In the given reaction `C_6H_5-CH=CH-CH_3+HCl rarr[X]` [X] will be

To determine the product [X] formed from the reaction of the compound \( C_6H_5-CH=CH-CH_3 \) with HCl, we can follow these steps: ### Step 1: Identify the Reaction Type The reaction involves an alkene (the double bond between carbon atoms) reacting with HCl. This is an electrophilic addition reaction. ### Step 2: Protonation of the Alkene In the presence of HCl, the double bond will react with HCl.
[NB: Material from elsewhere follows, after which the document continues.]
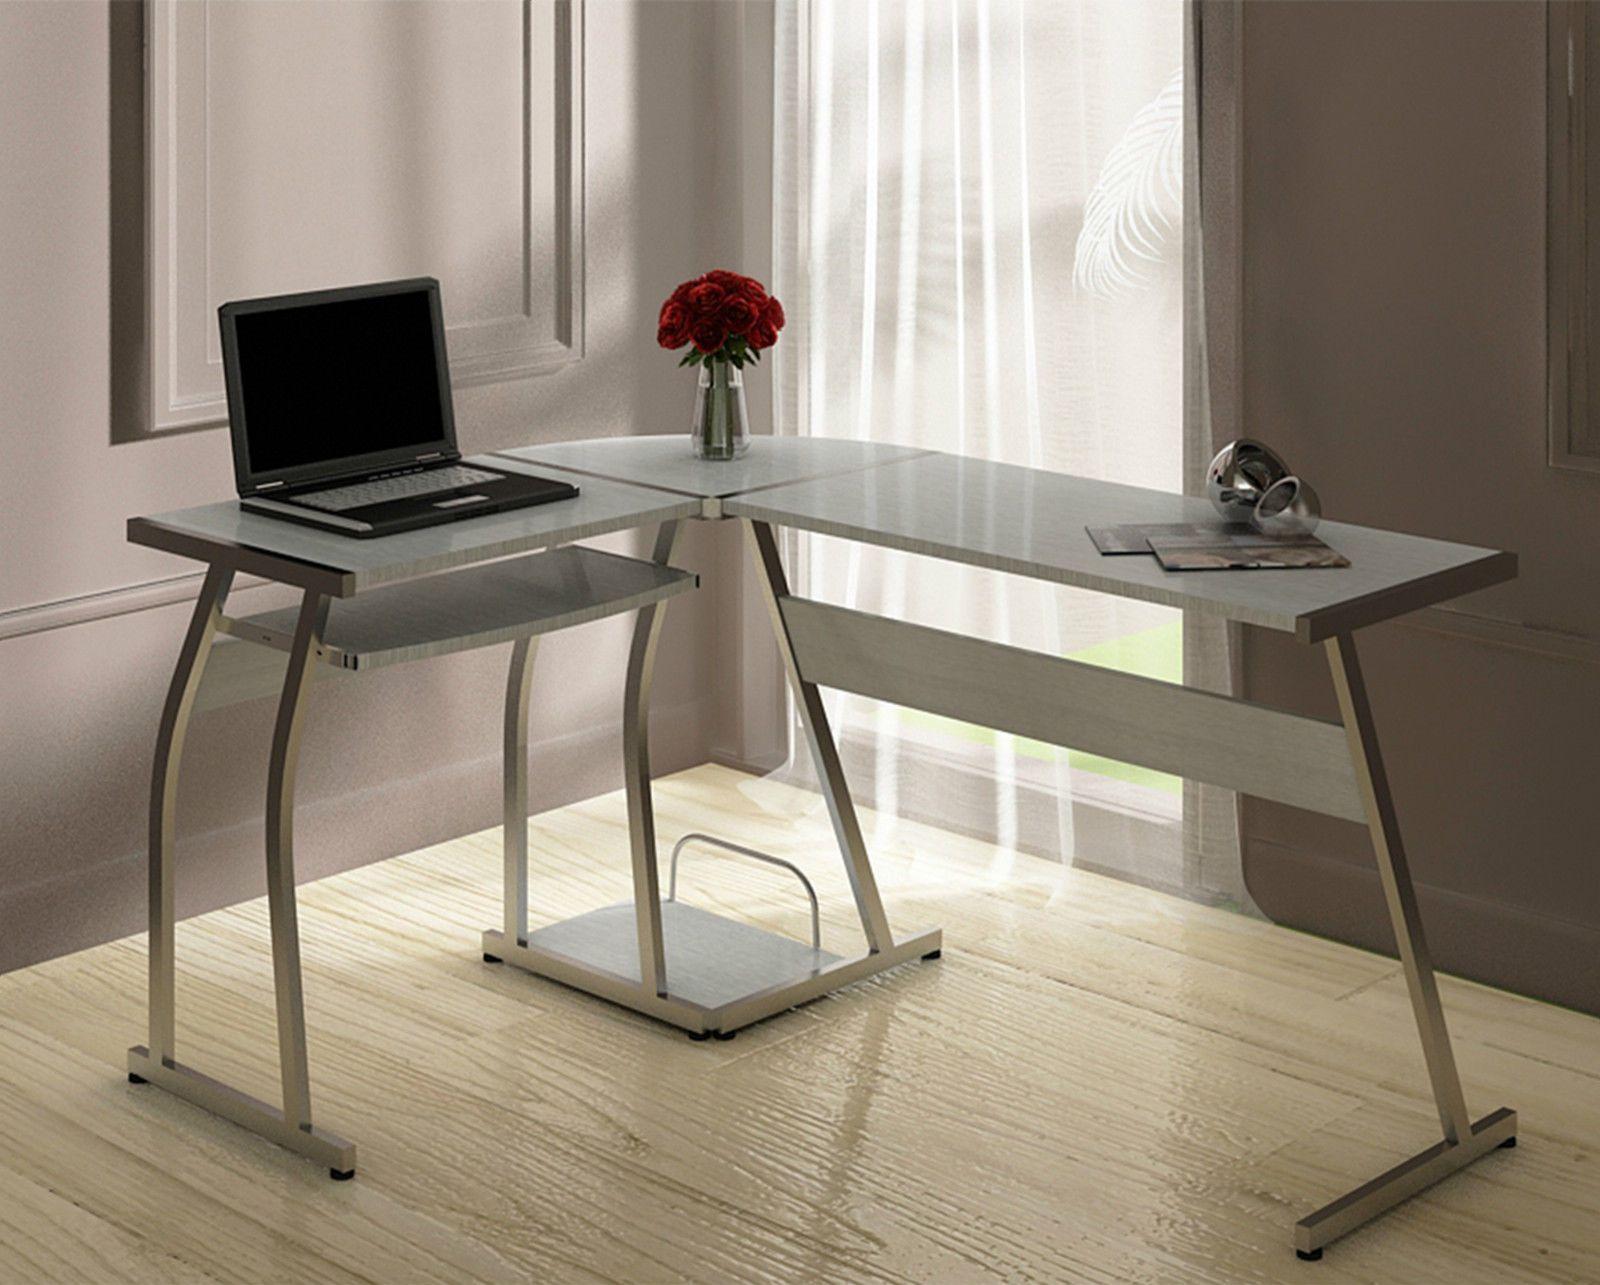 Sleek Desk Grey L Shape Desk Homeoffice Desk Grey Httpabreo.co.ukhome
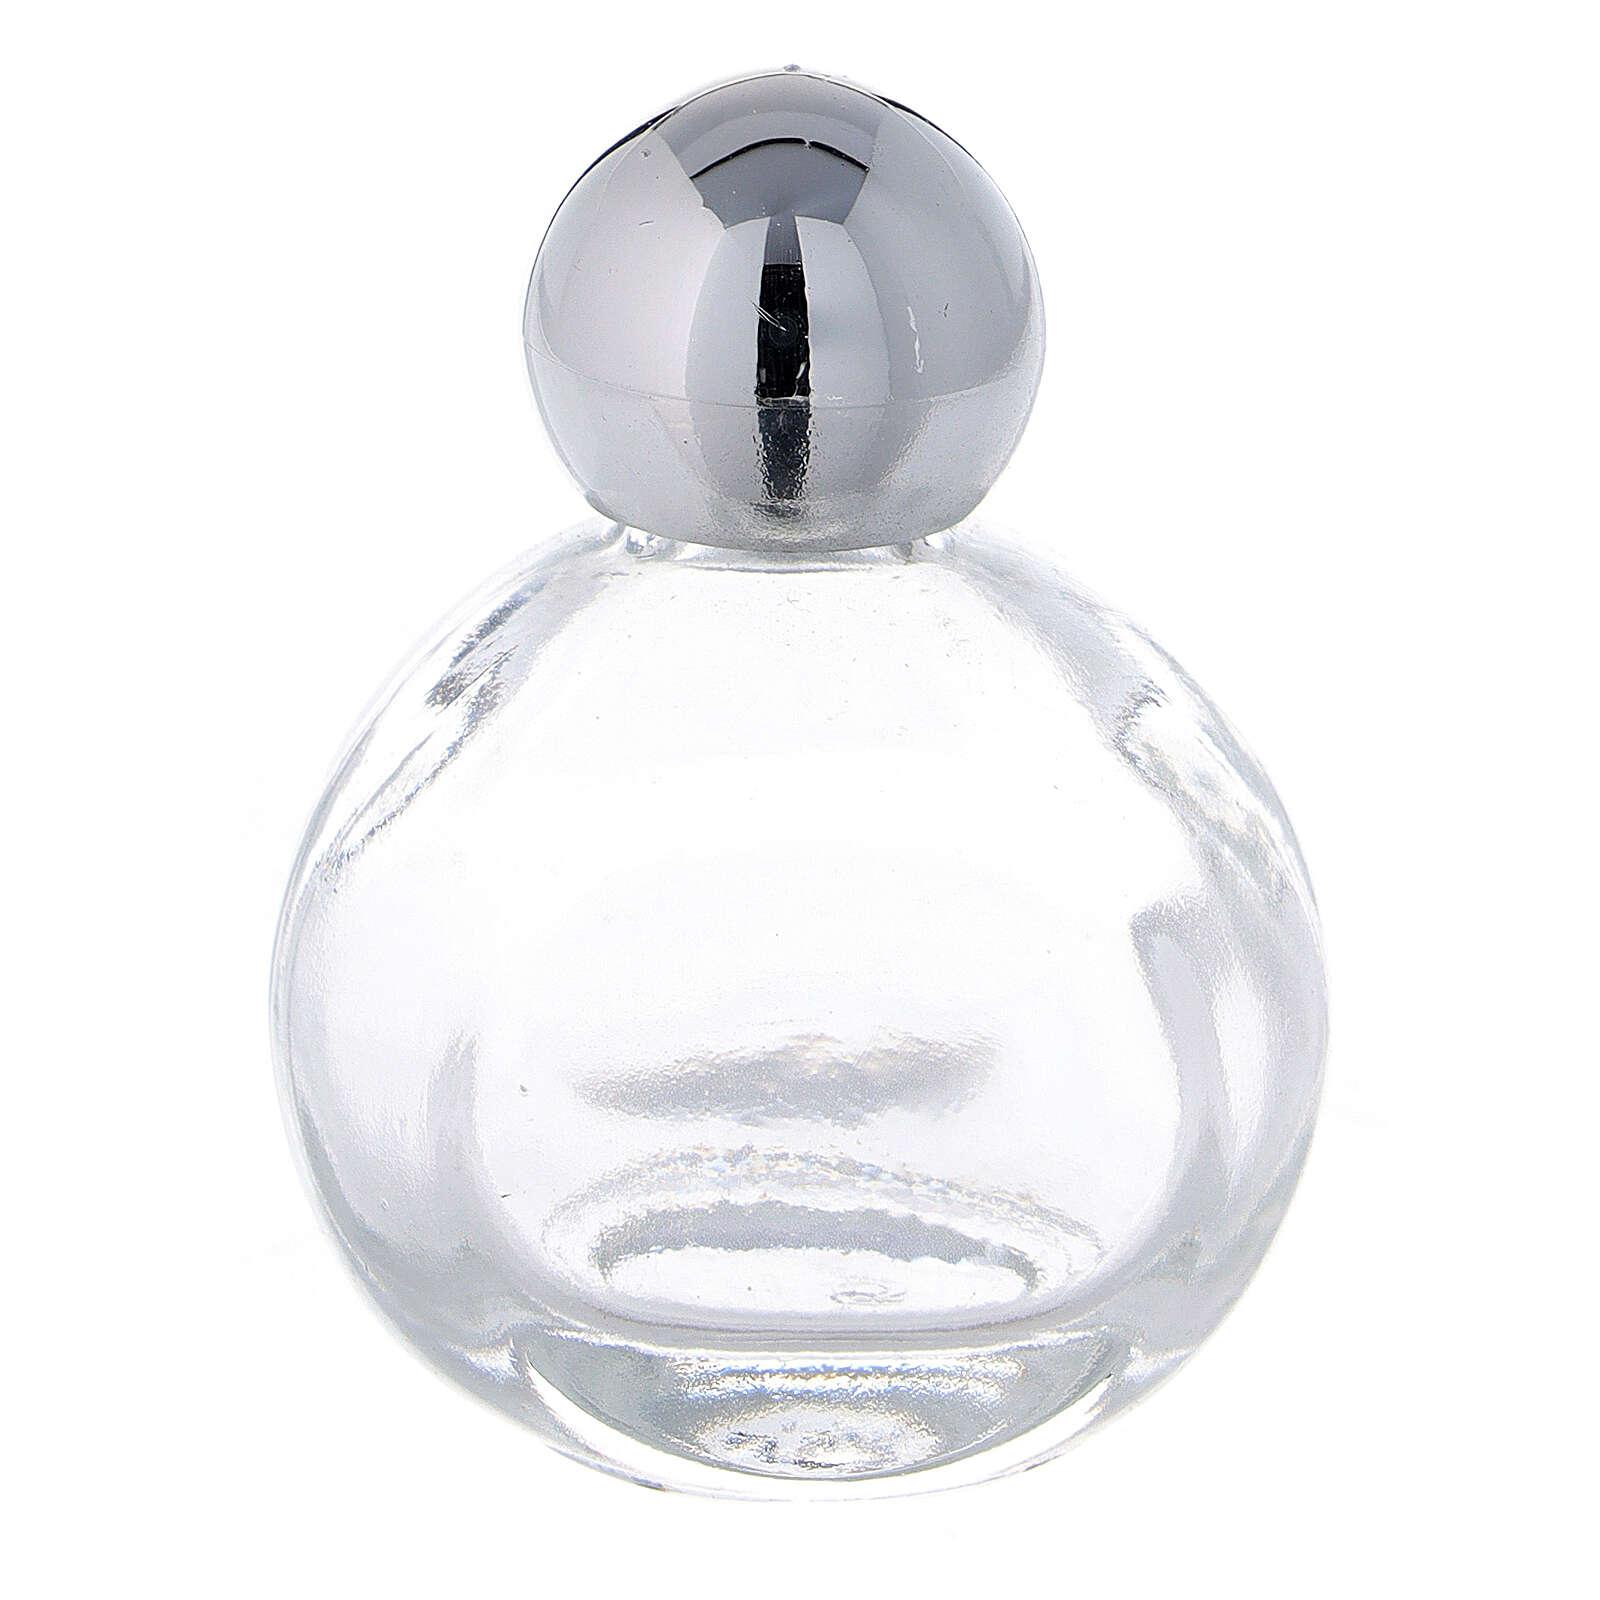 Bottiglietta acquasanta 15 ml vetro tappo argentato (CONF. 50 PZ) 3

The first step is the protonation of the alkene. The double bond can either attack the hydrogen ion (H⁺) from HCl at carbon 1 or carbon 2. 1. **If H⁺ adds to carbon 1**: - The structure becomes: \[ C_6H_5-CH^+-CH_2-CH_3 \] - This forms a carbocation at carbon 1. 2. **If H⁺ adds to carbon 2**: - The structure becomes: \[ C_6H_5-CH_2-CH^+-CH_3 \] - This forms a carbocation at carbon 2. ### Step 3: Stability of Carbocations Next, we need to evaluate the stability of the two possible carbocations formed: - **Carbocation at Carbon 1**: - This carbocation is stabilized by resonance with the benzene ring. The positive charge can be delocalized over the aromatic system, making it more stable. - **Carbocation at Carbon 2**: - This carbocation is less stable because it is only stabilized by hyperconjugation from the adjacent alkyl group (methyl group). The positive charge is localized and not delocalized. ### Step 4: Nucleophilic Attack Since the carbocation at carbon 1 is more stable, it is the favored intermediate. The next step is the attack of the chloride ion (Cl⁻) on the carbocation: - The chloride ion will attack the more stable carbocation (at carbon 1), resulting in the formation of the product. ### Step 5: Final Product The final product [X] will be: \[ C_6H_5-CH(Cl)-CH_2-CH_3 \] This can be represented as: \[ C_6H_5-CHCl-CH_2-CH_3 \] ### Conclusion Thus, the product [X] formed from the reaction of \( C_6H_5-CH=CH-CH_3 \) with HCl is \( C_6H_5-CHCl-CH_2-CH_3 \). ---